Он закрыл глаза и увидел это бескрайнее пространство, разделенное на несколько участков-факторий: самые крупные — „Чоррера“ и „Энканто“, у каждой свой управляющий. „А лучше сказать — свое чудовище“. Иначе не назвать людей, подобных, например, Виктору Маседо и Мигелю Лойасе. Оба в середине 1903 года отличались самыми приснопамятными злодеяниями. Человек восемьсот индейцев окайма пришли в „Чорреру“ сдавать собранный в лесу латекс. Взвесив и оприходовав корзины, помощник управляющего Фидель Веларде показал своему начальнику Виктору Маседо, стоявшему тут же, рядом с Мигелем Лойасой, на двадцать пять индейцев, не принесших положенное количество каучука и потому отделенных от остальных.

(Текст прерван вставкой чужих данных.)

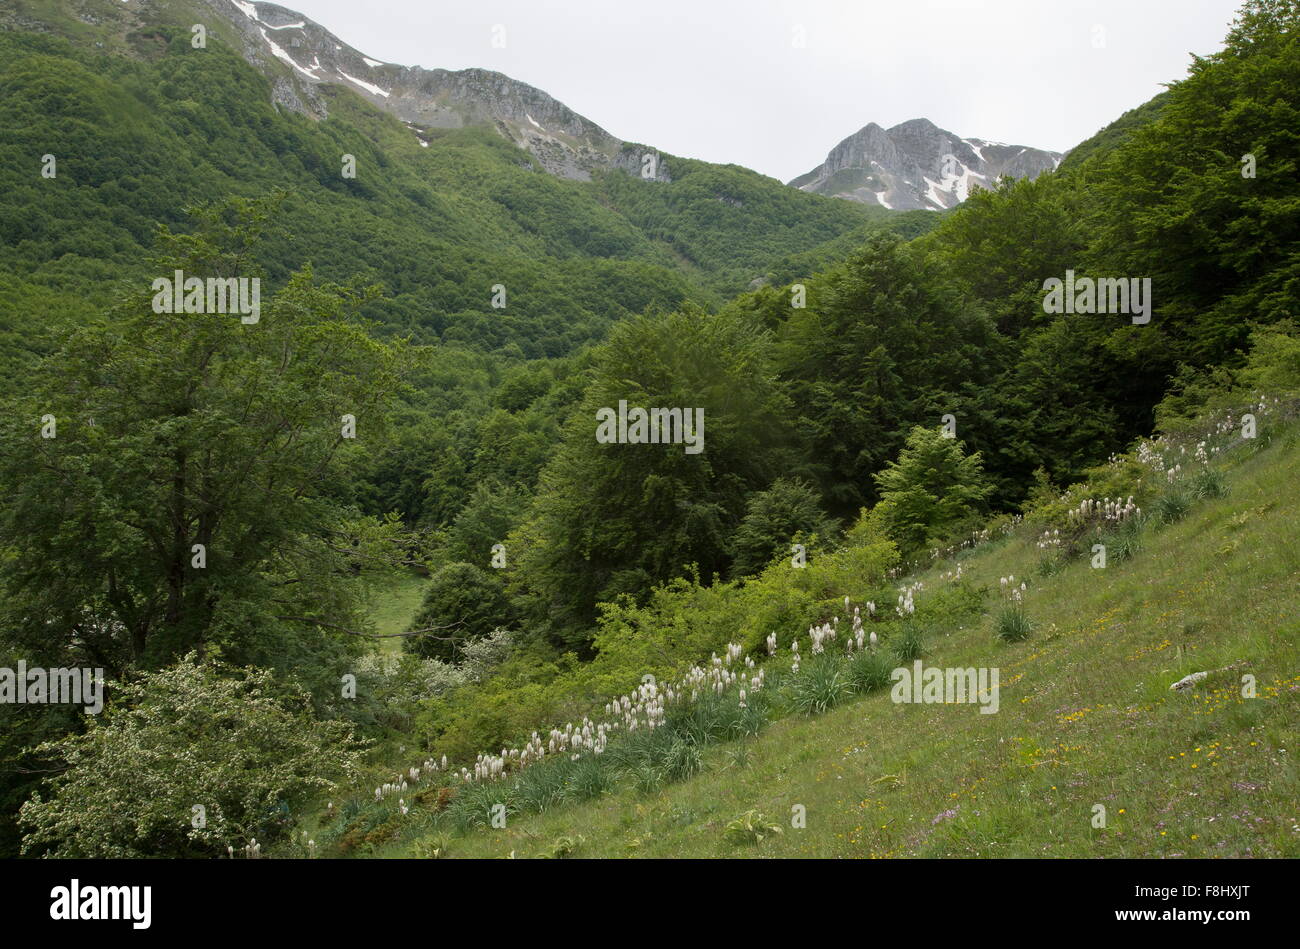 Mass of White Asphodels in high valley, Valle Fiorita, Abruzzo National Park, Italy. Stock Photo

Маседо и Лойаса решили примерно наказать дикарей. Приказав одним своим „мальчикам“ — неграм-надсмотрщикам с Барбадоса — держать остальных индейцев под прицелом маузеров, они велели другим накинуть на провинившихся пропитанные бензином мешковины. И подожгли их. Индейцы вспыхнули факелами. Кое-кому из тех, кто с пронзительными криками катался по земле, удалось сбить пламя, но все равно ожоги они получили чудовищные. Бросившиеся в воду утонули. Маседо, Лойаса и Веларде добивали несчастных туземцев из револьверов. Каждый раз, как Роджер представлял себе эту сцену, у него мутилось в голове.
По словам Салданьи Рока, подобное устраивалось для острастки, но и для развлечения. Им это доставляло удовольствие. Нравилось причинять страдания, соперничать друг с другом в жестокости: это превратилось в пристрастие, в увлечение, развившееся из привычки истязать, избивать, мучить. Напиваясь, они искали предлог, чтобы заняться кровавыми играми. Салданья приводил письмо, в котором один из директоров компании пенял управляющему факторией Мигелю Флоресу на то, что „индейцев убивают для развлечения“, хотя нехватка рабочих рук поистине вопиющая, и напоминал, что „на подобные крайние меры можно идти лишь в случаях крайней же необходимости“. Доводы, приведенные Флоресом в свое оправдание, оказались даже хуже обвинения: „Возражаю: за последние два месяца на моей фактории погибло всего сорок индейцев“.
Журналист перечислял, каким видам наказаний подвергали провинившихся — их пороли, сажали в колодки, отрезали уши и нос, руки и ноги и, наконец, убивали. Расстреливали, вешали, сжигали заживо, топили. Наибольшее количество останков обнаружено в Матансасе, утверждал Салданья. Точное число погибших установить невозможно, но судя по костям, счет шел на сотни и даже на тысячи жертв. Ответственность за них нес Армандо Норманд, молодой человек, всего-то двадцати двух или двадцати трех лет от роду, наполовину англичанин, наполовину боливиец, учившийся, по его словам, в Лондоне. Его именем индейцы уитото пугали детей. В Абиссинии[13] были уволены управляющий факторией Абелярдо Агеро и его помощник Аугусто Хименес за то, что для потехи расстреливали индейцев, хоть и знали, что тем самым безответственным образом лишают компанию рабочих рук.
И Роджер Кейсмент в очередной раз подумал, что при всей удаленности Конго от Амазонии их связывает некая незримая пуповина. Повторялись с ничтожными вариантами одни и те же ужасные злодеяния, вдохновленные корыстью — грехом если не первородным, то с рождения присущим человеку, тайным движителем всех его бесчисленных низостей. Или чем-то еще? Или дьявол все же одержал верх в своей вечной битве?
Завтра будет трудный день, думал Роджер. Консул отыскал в Икитосе троих негров-барбадосцев, граждан Великобритании. Они по нескольку лет проработали надсмотрщиками в компании Араны и согласились дать показания комиссии с тем условием, что их немедленно отправят на родину.